En mars 2018, 74% des détenus en Thaïlande étaient inculpés pour des affaires de drogue. »

« Les prisons thaïlandaises seraient vides sans les inculpations pour possession de drogue», a déclaré Sunthorn Sunthorntarawong, un pasteur protestant âgé de 68 ans, qui dirige la fondation House of Blessing, une organisation servant de centre de détention pour mineurs et qui gère les détenus adultes avant et après leur mise en liberté.

Pichai a été arrêté alors qu’il vendait de la méthamphétamine en cristaux, ou «ice», à un informateur de la police.

Il a été condamné à une peine de deux ans d’emprisonnement pour mineurs, qu’il a choisie pour servir à la House of Blessing, une organisation partenaire du département pénitentiaire thaïlandais.

Il a déclaré qu’il n’avait pas besoin de traitement, mais qu’il souhaitait terminer ses études de base depuis longtemps attendues depuis 22 mois à la fondation.

Sunthorn a déclaré que des cas tels que celui de Pichai étaient courants.

« Ils commencent comme mules parce qu’ils veulent acheter des choses comme des téléphones portables ou des vélos avant de commencer à se droguer », a-t-il déclaré.

Jaroenchai Klaimek, 26 ans, qui travaille avec Sunthorn à la fondation, a déclaré que le meilleur moyen pour les jeunes mules ou toxicomanes de changer de vie consistait à rompre les liens avec des amis impliqués dans le trafic de drogue.

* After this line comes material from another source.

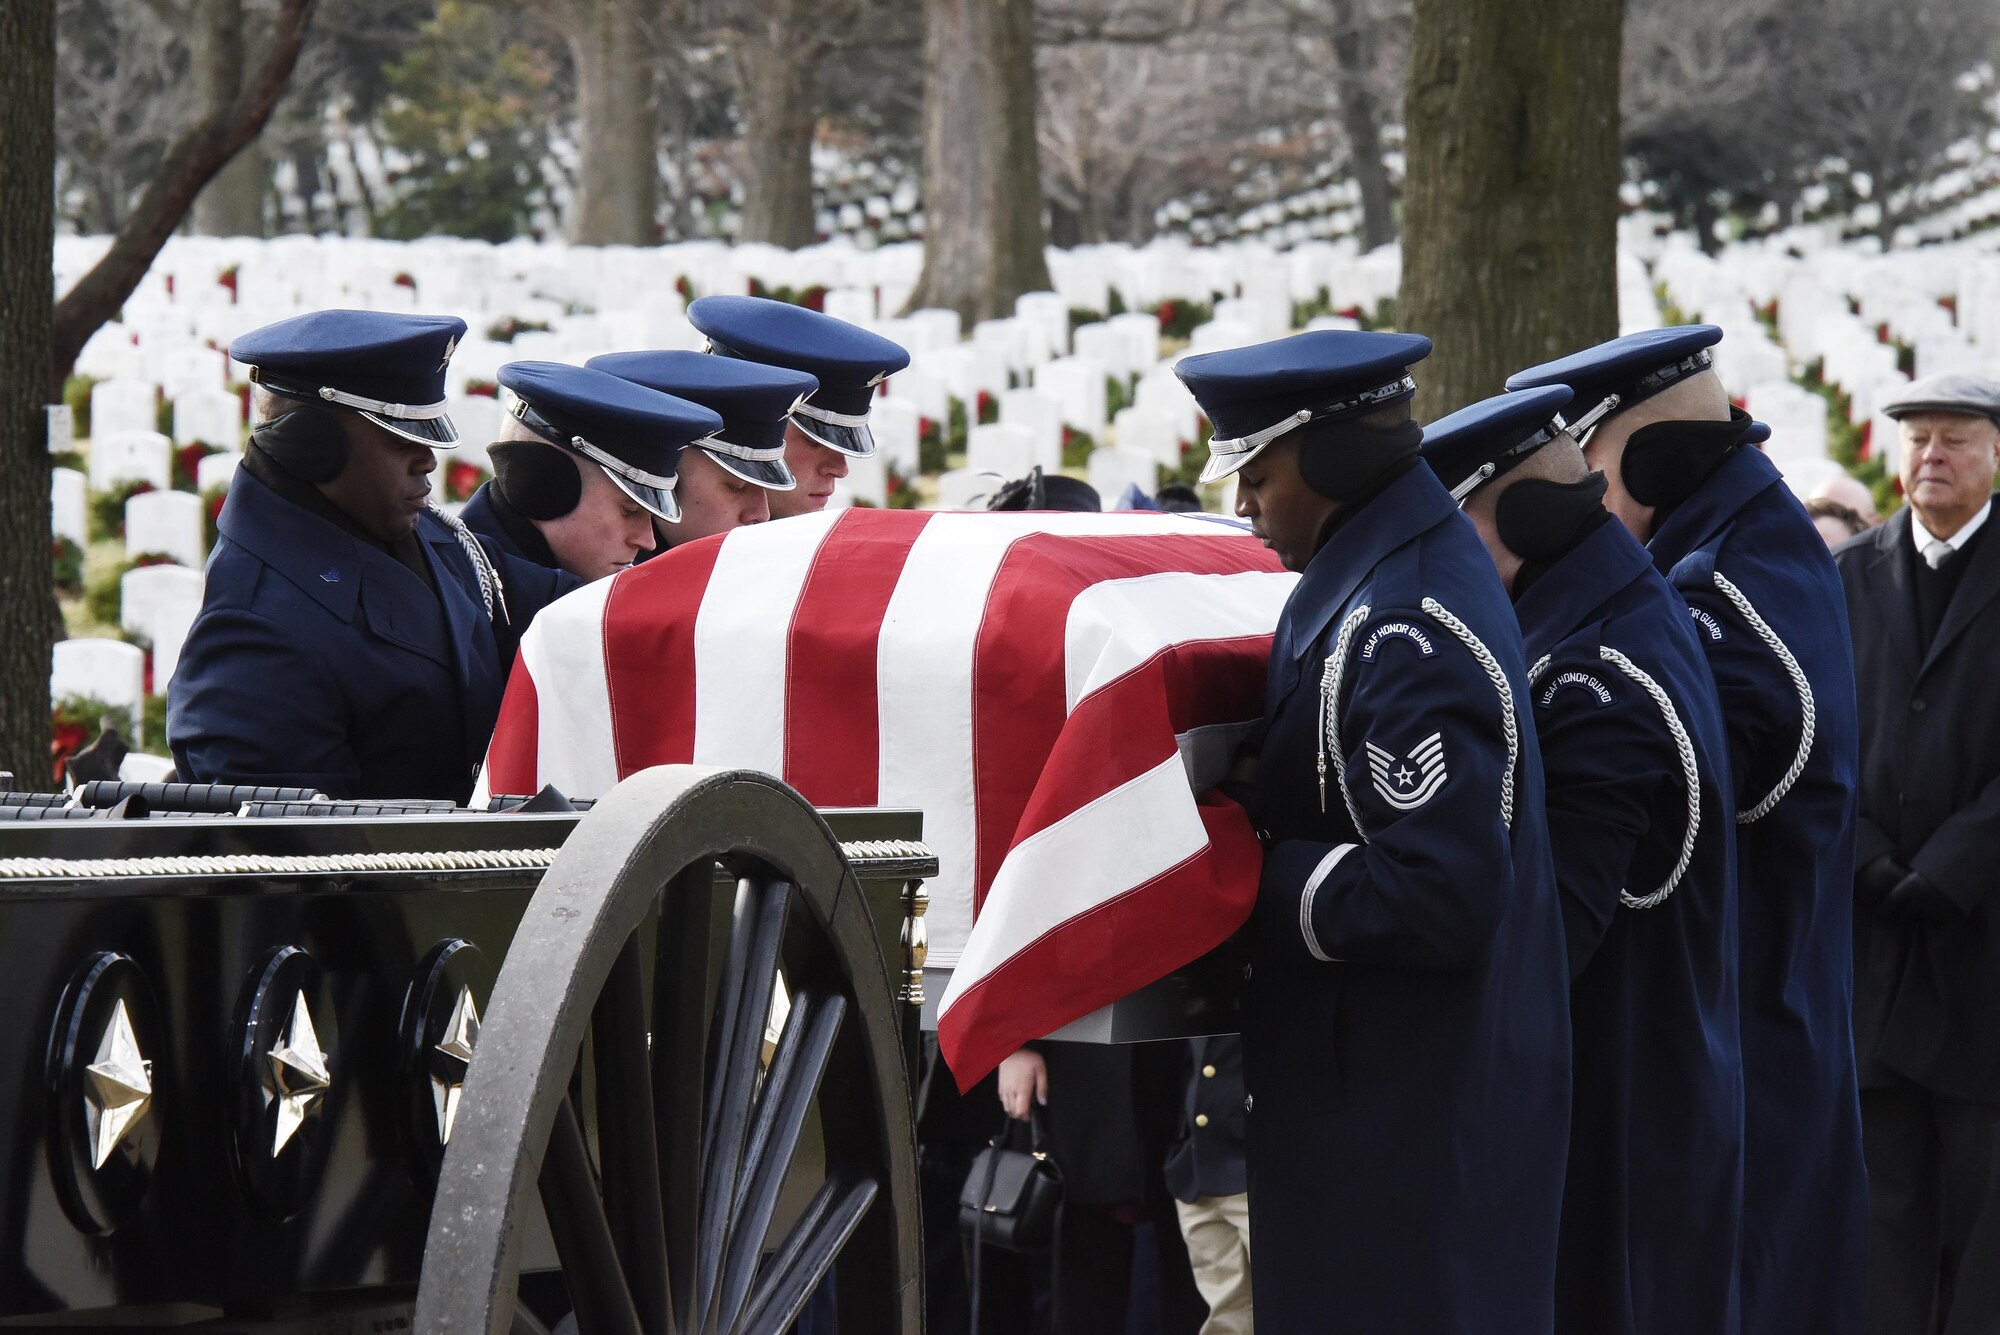 Members of the U.S. Air Force Honor Guard remove Maj. Troy Gilbert from a caisson during his interment at Arlington National Cemetery, Va., Dec. 19, 2016. Gilbert was killed Nov. 27, 2006, while flying a mission in direct support of coalition ground combat operations when his F-16C Fighting Falcon crashed approximately 20 miles northwest of Baghdad. (U.S. Air Force photo/Staff Sgt. Alyssa C. Gibson)

Ancien trafiquant de drogue, il est entré et sorti de quatre centres de détention avant l’âge de 20 ans, où il a affirmé avoir eu de nombreux contacts professionnels avant de tout laisser derrière lui il y a huit ans.

« Dans le centre de détention, plus on vous arrête avec de la drogue, plus vous êtes cool « , a dit Jaroenchai, se souvenant de son expérience personnelle du ya ba boom.

«Je pouvais vendre 200 comprimés de ya ba pour 25 000 bahts, après les avoir achetés pour 18 000 bahts», a-t-il déclaré.

«En une demi-heure, ces pilules atteignaient les mains des ouvriers du bâtiment, des employés de bureau, des chauffeurs de moto-taxi, des nettoyeurs de rues, des directeurs et des actrices.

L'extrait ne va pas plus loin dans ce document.